Komputer Baru dan Cerita Dibaliknya

by - Tuesday, January 08, 2019

Revisi naskah buku solo baru memasuki bab 5. Terlambat sekitar 2 bulan dari rencana penggarapan semula. Masalahnya, bukan karena sengaja menunda-nunda atau tidak mau mengerjakan.



Kebetulan, sejak mengambil kelas menulis di sekolah perempuan tempo hari, laptopku rusak. Kupikir si laptop cuma sekedar merajuk. Minta dielus-elus saja, di otak-atik bisa kembali sembuh seperti sediakala.

Memang, sejak berhenti mengajar sekitar 5 tahun lalu. Aku jarang menggunakan laptop ini. Sekali dua saja aku menghidupkannya. Itu pun hanya buat menonton drama korea saja. Rupanya, akibat jarang digunakan, justru
membuat si laptop rusak.



Malangnya, jadwal kerusakannya yang bertepatan dengan aku mengikuti kelas menulis, saat-saat begitu membutuhkan laptop. Makanya, sebagian besar tulisan hanya dikerjakan melalui gawai saja.

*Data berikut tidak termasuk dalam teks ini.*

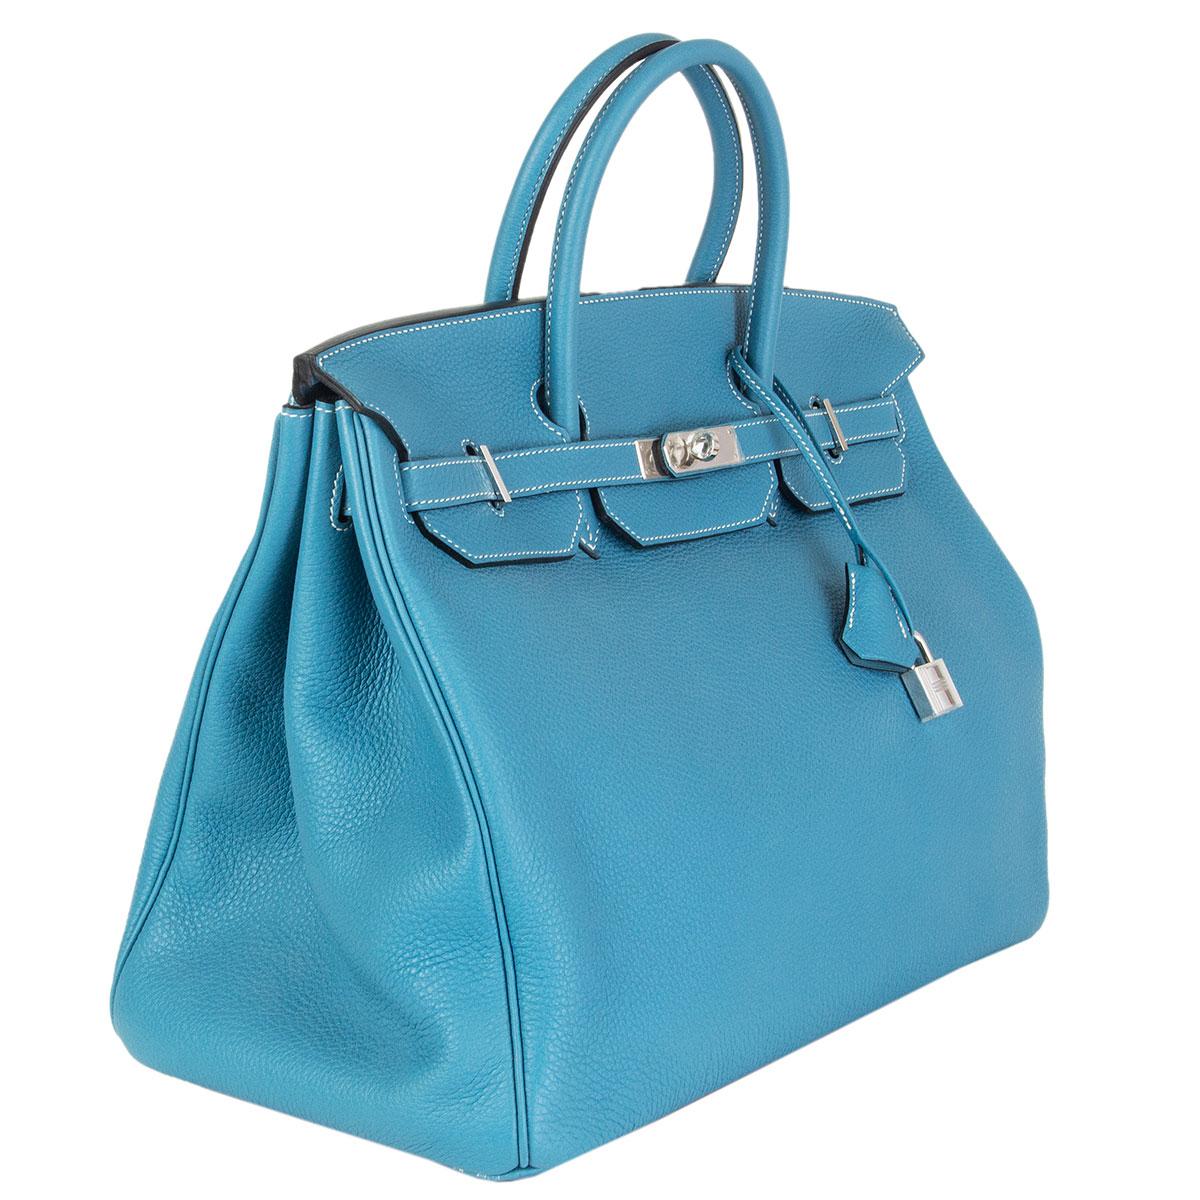 Hermès 'Birkin 40' bag in Blue Jean (light blue) Veau Togo leather with contrasting white stitching and palladium hardware. Lined in Chevre (goat skin) with an open pocket against the front and a zipper pocket against the back. Brand new. Comes with

Agar menulisnya tetap terasa nyaman, dan hurufnya tidak terlalu kecil, setting handphone-nya dirubah sesuai tampilan seluler. Alhamdulillah, tugas menulis naskah tetap bisa dilakukan, meskipun banyak kekurangan di sana-sini

Akan tetapi, ketika merevisi naskah sesuai arahan cikgu mentor, hanya dengan menggunakan ponsel mulai terasa menyulitkan. Terutama, saat dicek tulisan yang sudah disetor rupanya mengalami banyak kesalahan. Misalnya, tanda baca yang dilanggar, bertebarannya kalimat bertele-tele dan sangat tidak efektif, belum lagi diksi yang kacau, dan cerita yang tidak berkaitan dengan tema justru dijelaskan secara berlebihan. Singkat cerita, naskahnya, memerlukan perombakan besar-besaran, dengan cara harus ditulis ulang. Di situlah terasa sekali betapa aku butuh laptop

Namun, aku harus pakai laptop yang mana? Laptop suami dipakai buat bekerja, disamping akhir-akhir ini laptopnya pun sering nge-hank juga. Sementara harddisk laptopku tak bisa diperbaiki sama sekali alias rusak total. Ya, bingung. Ya, pusing jadinya.

Minta dibelikan laptop baru sama suami, aku merasa enggak nyaman. Mengingat harga laptop tak semurah harga payung cantik. Kalaupun ingin beli baru, aku  harus menabung dulu, yang berarti membelinya tak bisa dalam waktu dekat. Mesti sabar menunggu.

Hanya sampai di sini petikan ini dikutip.